At test time, points outside the training support can cause the probit to diverge ($\Phi^{-1}(0) = -\infty$, $\Phi^{-1}(1) = +\infty$). Two strategies exist:

Clip to boundaries — map outliers to $[\epsilon, 1-\epsilon]$ (simple, used by MarginalGaussianize)
KDE tails — use a smooth KDE whose tails extend beyond the training range (used by MarginalKDEGaussianize)

See the Boundary Issues notebook for a detailed comparison.

CDF Estimation Methods¶

The key design choice is how to estimate $F_d$. Different estimators trade off smoothness, accuracy, and speed:

Class	CDF Method	Best for
`MarginalUniformize`	Empirical (rank)	Uniformization step
`MarginalGaussianize`	Empirical + probit	Default in `RBIGLayer`
`MarginalKDEGaussianize`	KDE + probit	Smooth CDF, small data
`QuantileGaussianizer`	Quantile (sklearn)	Large data
`KDEGaussianizer`	KDE + probit (bijector)	Analytic Jacobian
`GMMGaussianizer`	GMM CDF + probit	Multimodal marginals
`SplineGaussianizer`	PCHIP spline	Smooth + fast + accurate

In [2]:

Copied!





%matplotlib inline
import matplotlib.pyplot as plt
import numpy as np
from scipy import stats
import seaborn as sns

from rbig import (
    MarginalUniformize,
    MarginalGaussianize,
    MarginalKDEGaussianize,
    QuantileGaussianizer,
    KDEGaussianizer,
    GMMGaussianizer,
    SplineGaussianizer,
)

plt.style.use("seaborn-v0_8-paper")
%matplotlib inline
import matplotlib.pyplot as plt
import numpy as np
from scipy import stats
import seaborn as sns

from rbig import (
    MarginalUniformize,
    MarginalGaussianize,
    MarginalKDEGaussianize,
    QuantileGaussianizer,
    KDEGaussianizer,
    GMMGaussianizer,
    SplineGaussianizer,
)

plt.style.use("seaborn-v0_8-paper")

/anaconda/lib/python3.13/site-packages/tqdm/auto.py:21: TqdmWarning: IProgress not found.
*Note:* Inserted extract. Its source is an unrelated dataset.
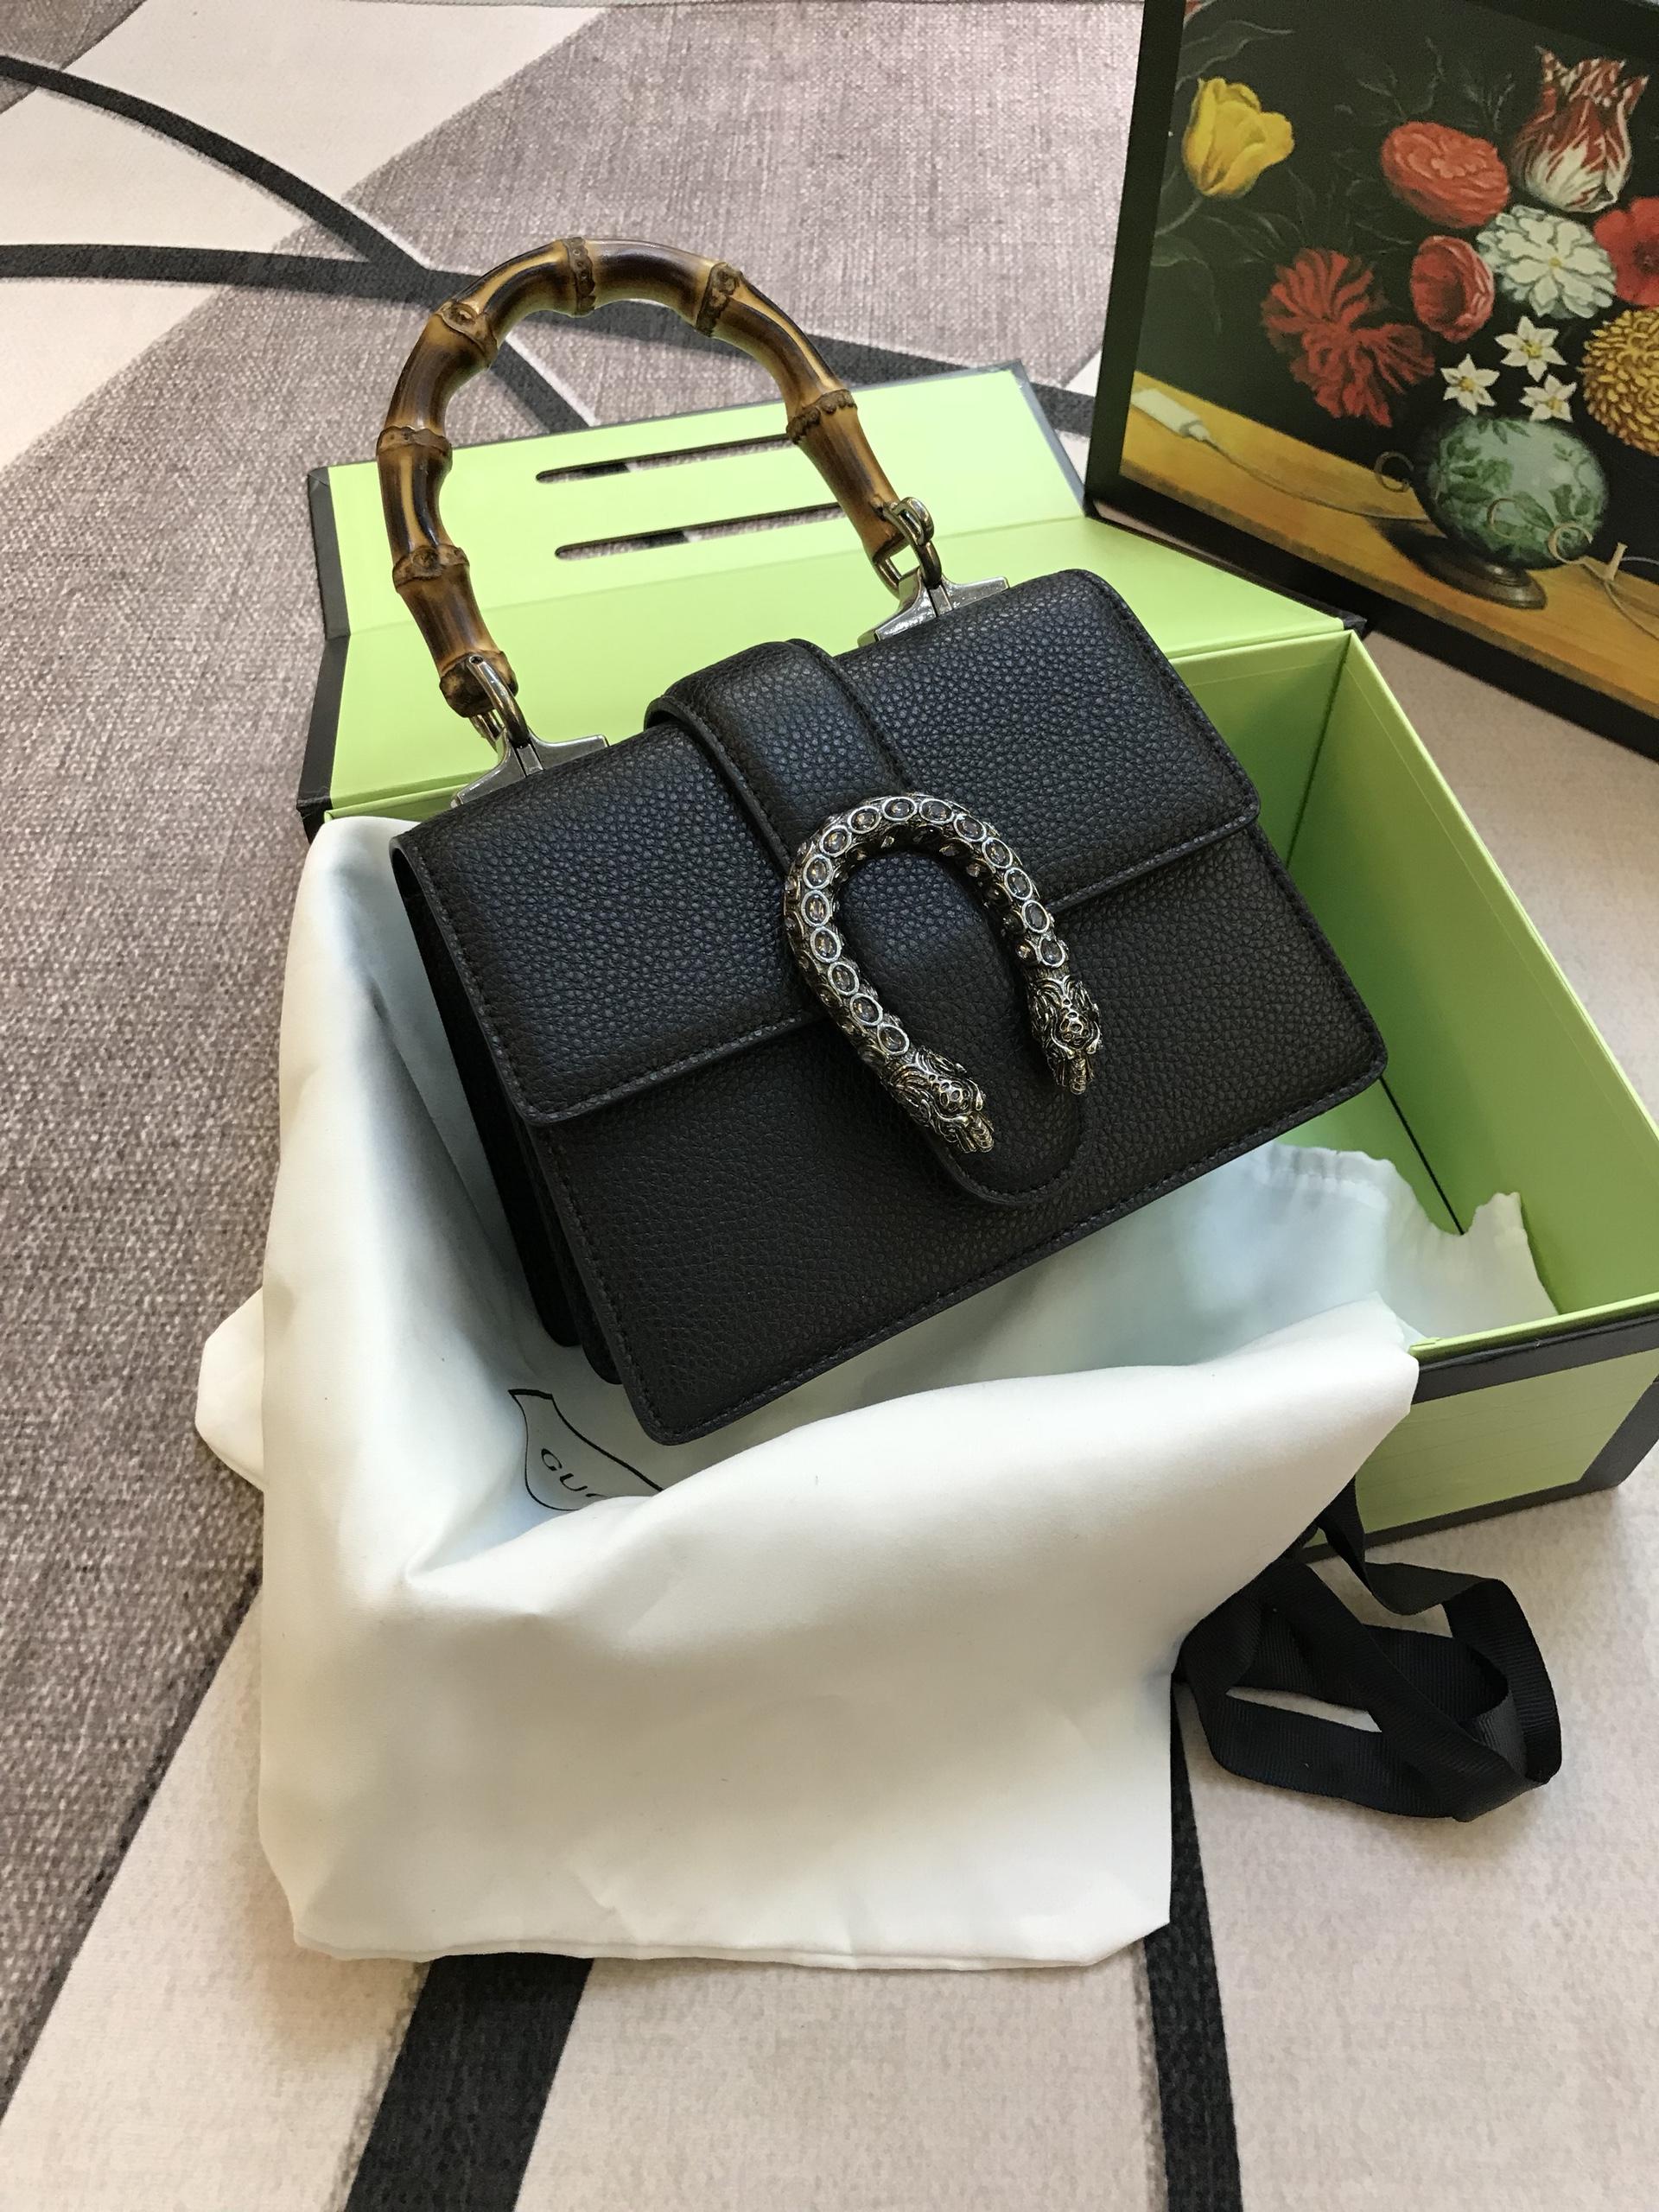 Túi Xách Gucci Super Sale Khóa Đầu Rắn Quai Trúc Màu Đen Sz 18 Cm

Please update jupyter and ipywidgets. See https://ipywidgets.readthedocs.io/en/stable/user_install.html
  from .autonotebook import tqdm as notebook_tqdm

Data¶

We use a Gamma(4) distribution — a skewed, non-Gaussian marginal that clearly shows the effect of each transform. Its asymmetry makes it easy to see whether the output is truly Gaussian.

In [3]:

Copied!





seed = 123
n_samples = 3_000
a = 4  # Gamma shape parameter

data_dist = stats.gamma(a=a)
X = data_dist.rvs(size=(n_samples, 1), random_state=seed)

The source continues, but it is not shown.